Column 'count_compound_chembl_ids_PROTAC' contains the number of compounds found in ChEMBL related to bucket 8.

Additional files & tools:

Files from the automated assessment process where specific targets are first tagged using an implementation from Europe PMC (Europe PMC Annotations API provides text mining annotations contained in abstracts and open access full text articles, using the W3C Open Annotation Data Model https://europepmc.org/AnnotationsApi), where we consider annotations from abstracts, followed by mapping to their respective human UniProt IDs. This enables detailed target information to be provided to the user in the form of three different lists (that can be found in the pipelines "fetched data" output directory): 1) a complete list with all detected targets (named "protac_literature_evidence.csv") and two subsets 2) targets that are associated with the ubiquitin ligase complex, including E3 ligases (filtering is based on evidence from the respective UniProt entry text; named "protac_literature_evidence_ubi_ligase_complex.csv"), and 3) the remaining targets (named "protac_literature_evidence_filtered.csv"). A literature count is provided per target with publication titles, links and full abstract texts.

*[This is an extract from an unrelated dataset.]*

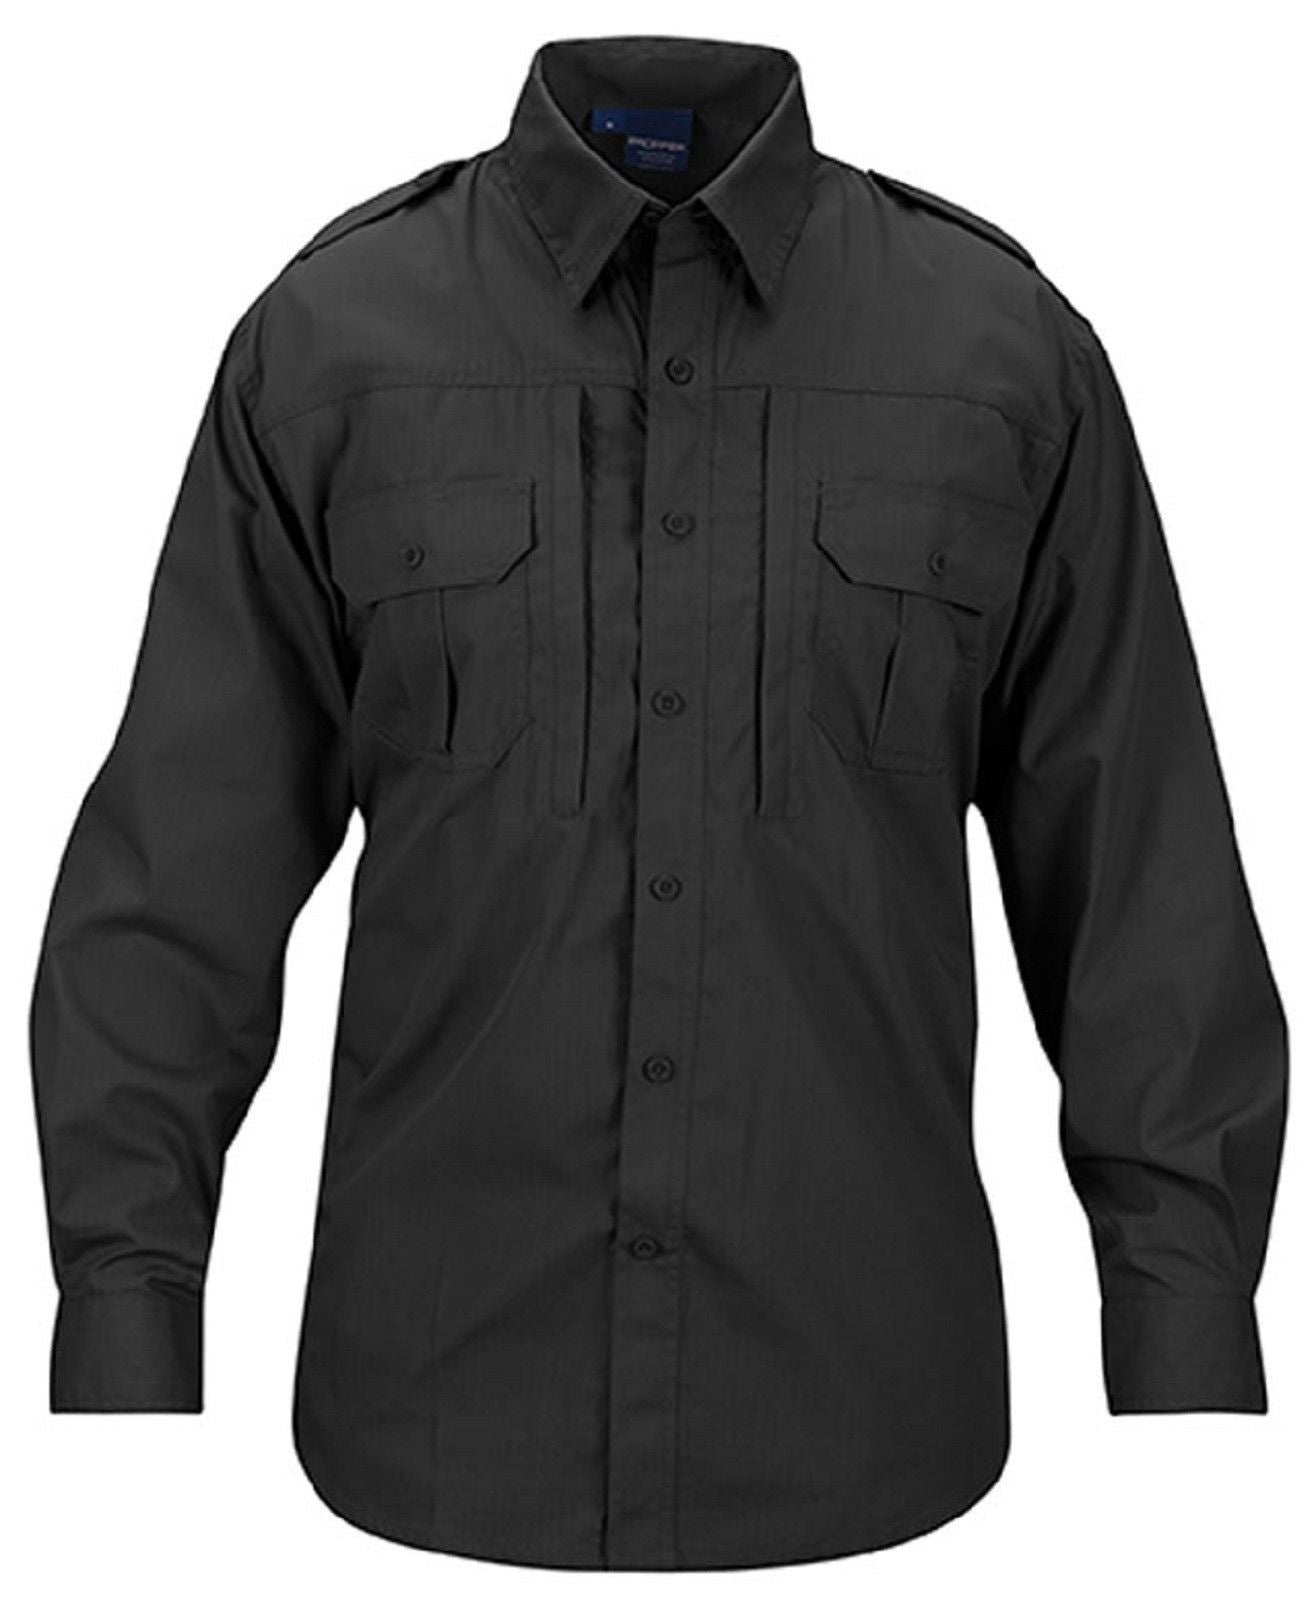 Propper Lightweight Tactical Shirt - Men's Long Sleeve Button Up ...
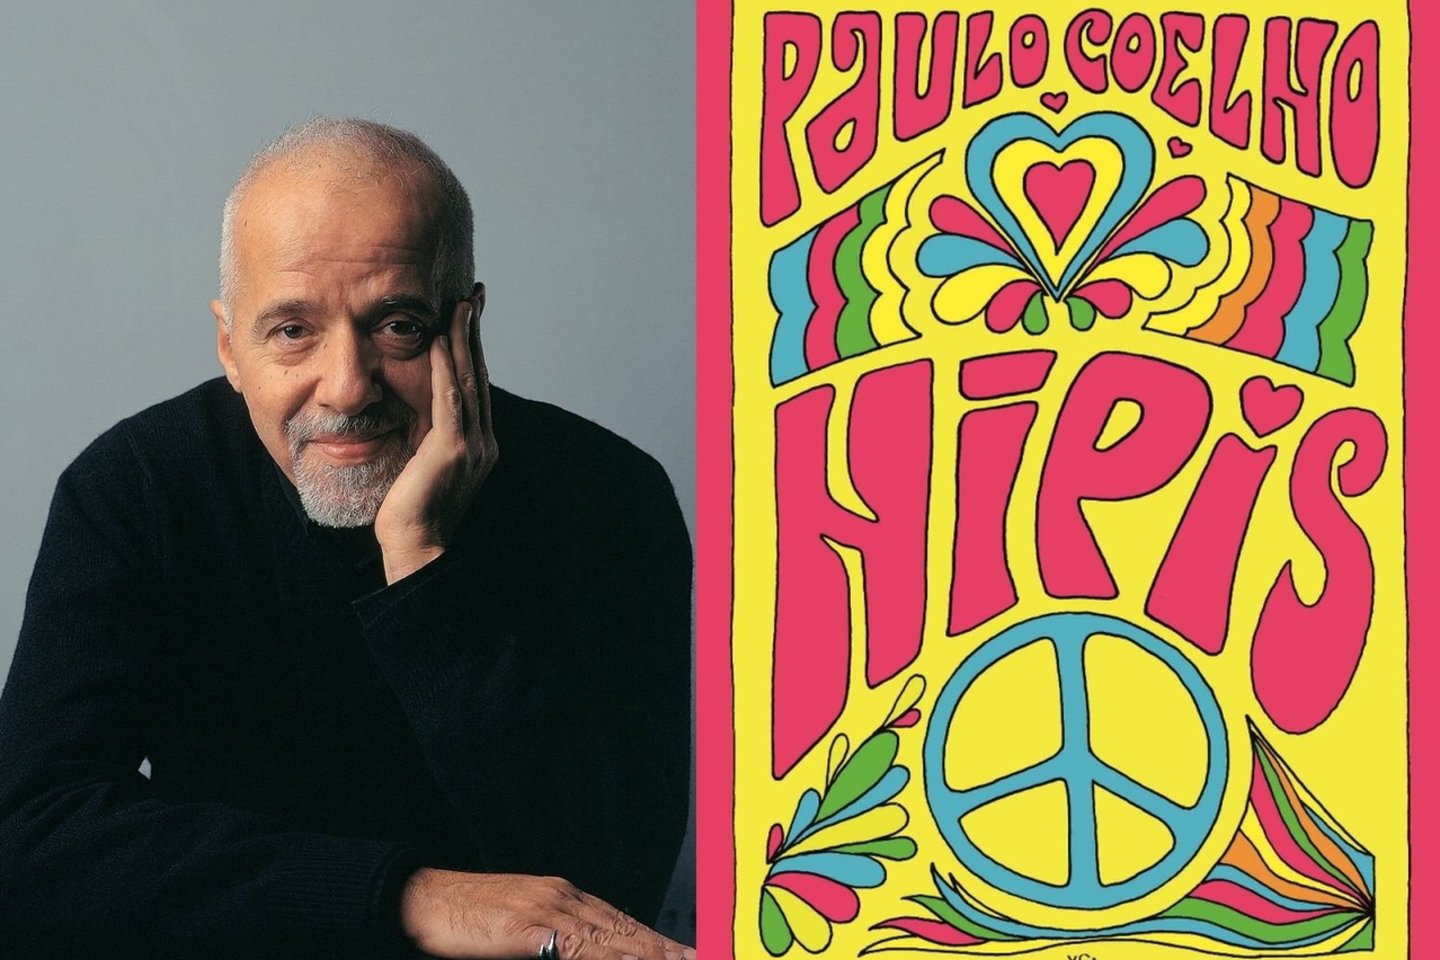 Naujausias P.Coelho kūrinys „Hipis“– tai kvietimas iš naujo išgyventi kartos, kuri ilgėjosi kitokio –laisvės, taikos ir meilės kupino – pasaulio, svajones.

To aid further in literature data processing with respect to detection of PROTAC relevant information additional Natural Language Processing (NLP) is performed with a Named Entity Recognition (NER) model that has been trained and implemented for automatic detection of the entities "PROTAC_TARGET", "PROTAC_NAME", and "E3_LIGASE". The ScispaCy (Neumann et al. 2019) pre-trained model "en_ner_jnlpba_md" (trained on the JNLPBA corpus) was used to retrain the PROTAC-NER model on 164 abstracts that mention PROTACs, with 427 manually labelled entities (280 "PROTAC_TARGET", 57 "PROTAC_NAME", and 90 "E3_LIGASE"). The PROTAC-NER abstract screening is performed on all PROTAC literature abstracts when running the pipeline and the results are provided to the user as addition to the literature evidence list. The trained PROTAC-NER model is also provided with the pipeline code and it can be used with spaCy to detect PROTAC entities in any text.

Other clinical evidence workflow

OtherCl category assignment rule:

  • 'Clinical_Precedence_othercl' is assigned if any of the OtherCl clinical buckets 1-3 are positive.